そしてだ。その知識を元にだ。今村井と話しているのだ。
「そこに書いてあったな」
「そうでしたな。では韓非子にしろ」
「その孟子にしてもじゃ」
「どけるべきものはどけますか」
「流石にわしもじゃ」
信長はだ。どうかというのだ。そのどうかということとは。
「わしが病になったとする」
「はい。その時は」
「わしの快癒を願い民が祈ったとする」
「その時はですな」
「罰として鎧を出せとは言わぬ」
韓非子に実際に書かれていることだ。
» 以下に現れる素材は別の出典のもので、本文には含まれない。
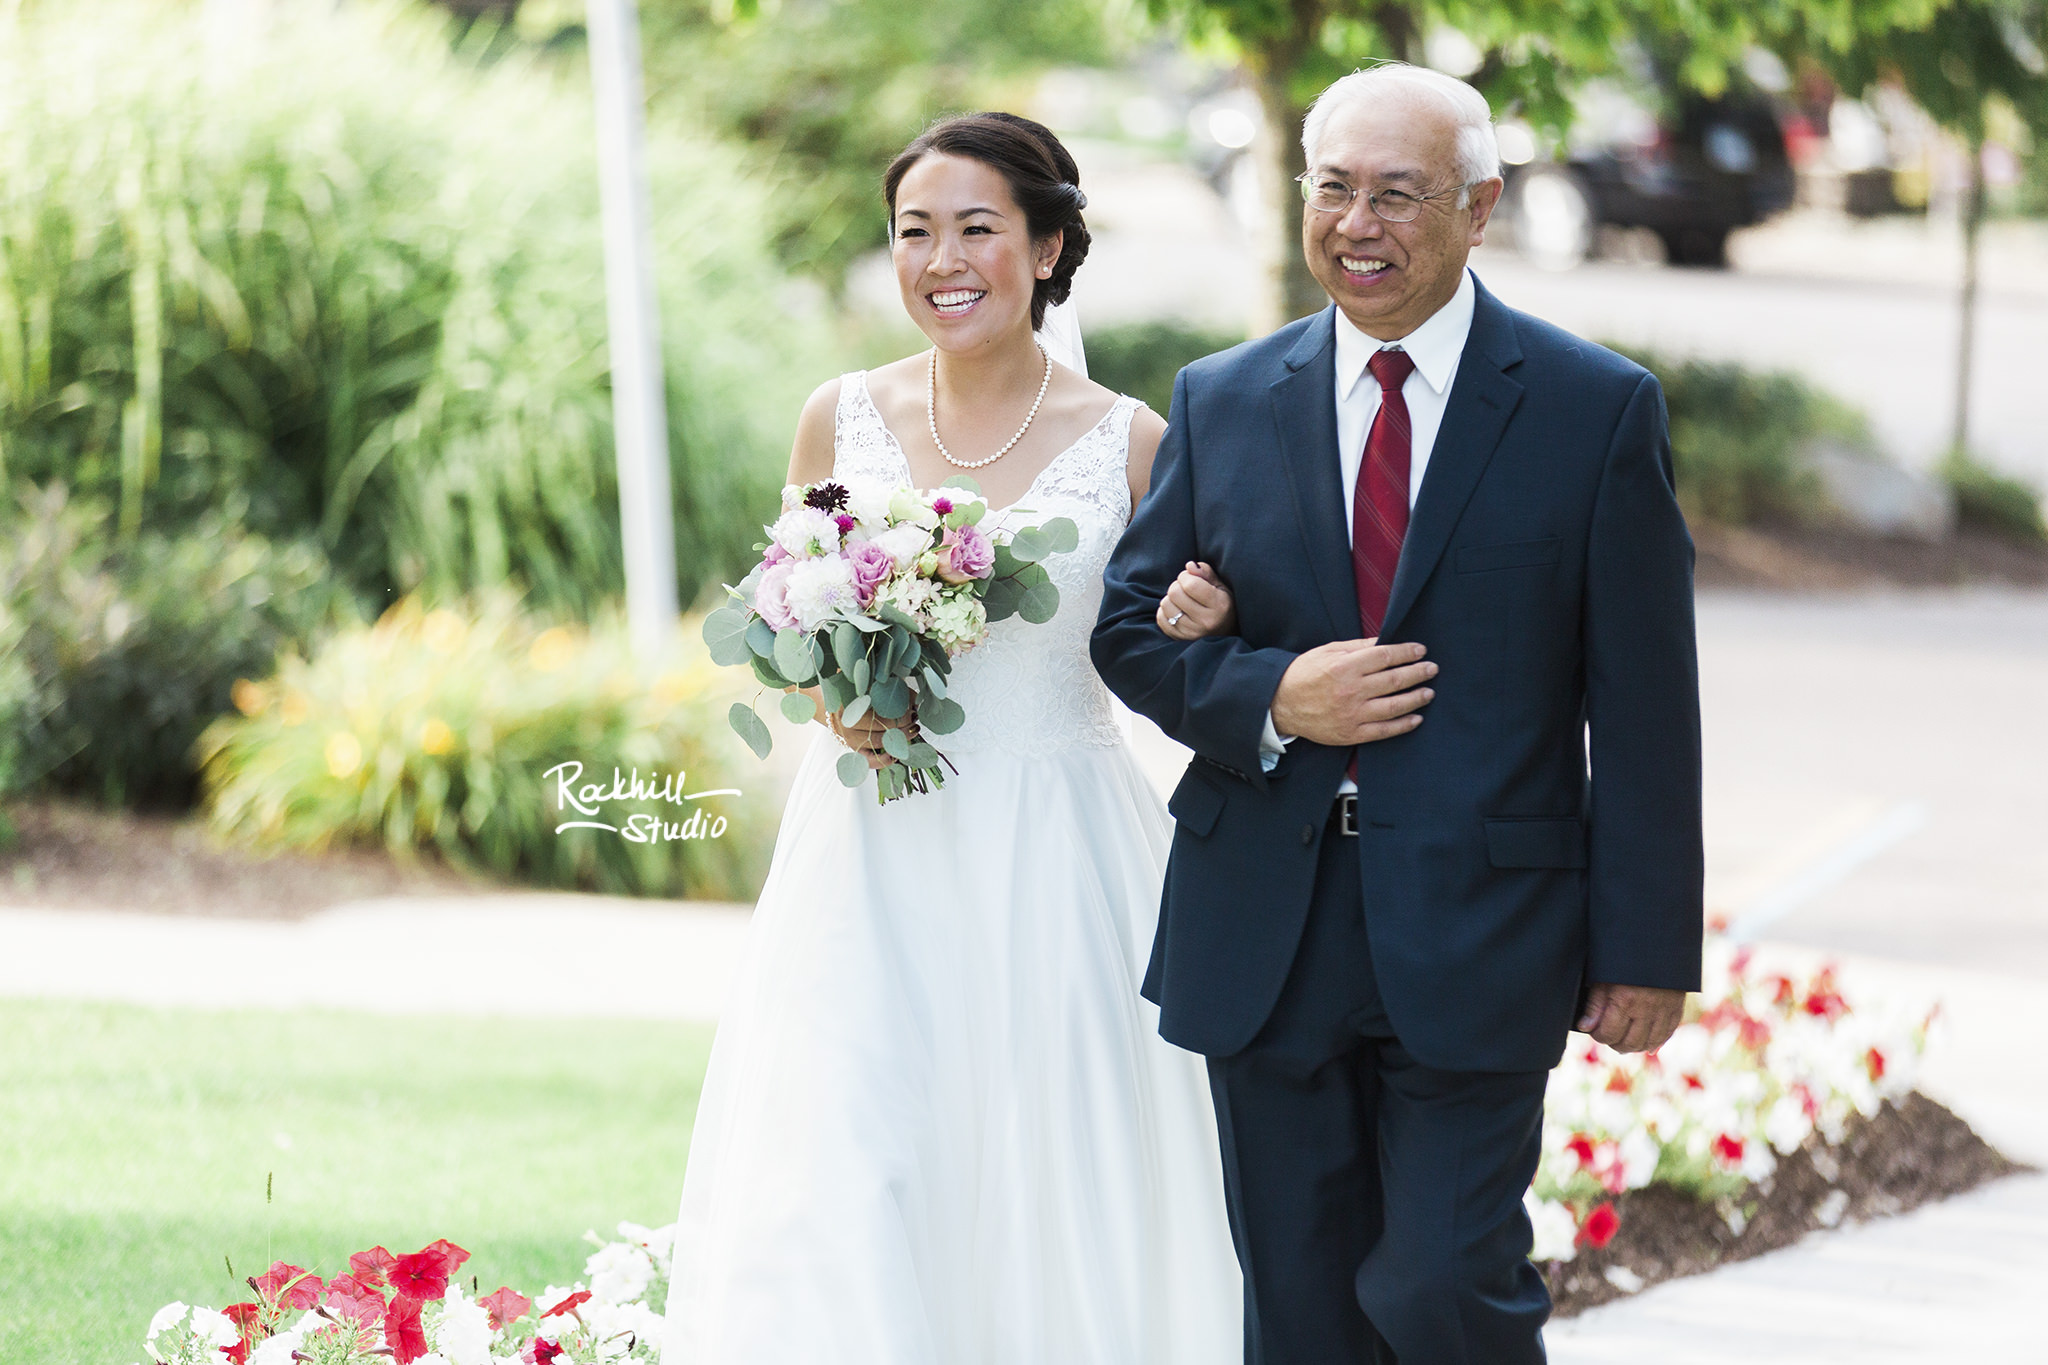 Northport wedding ceremony, bride walking down the isle, traverse city wedding photographer rockhill studio

秦王がそうさせたのだ。
何故そうさせたかというとだ。民がその仕事を怠ったことを罰するのとだ。王が己が情にほだされないようにする為のだ。幾つかの理由があった。
それでだ。そうしたのだ。しかし信長はというと。
「わしはその場合は素直に喜ぶ」
「そうされますな」
「あれはわしから見ればあまりにも訳がわからん」
信長はその韓非子を見ながら話す。とはいっても今そこを読んではいない。
しかしだ。ここであえて言うのだった。
「確かに情に溺れるのは政としてよくはないが民の仕事をそれ程怠った訳ではあるまい」
「そうですな。やはり」
「それでそこまでするのはじゃ」
どうかとだ。信長はまた言った。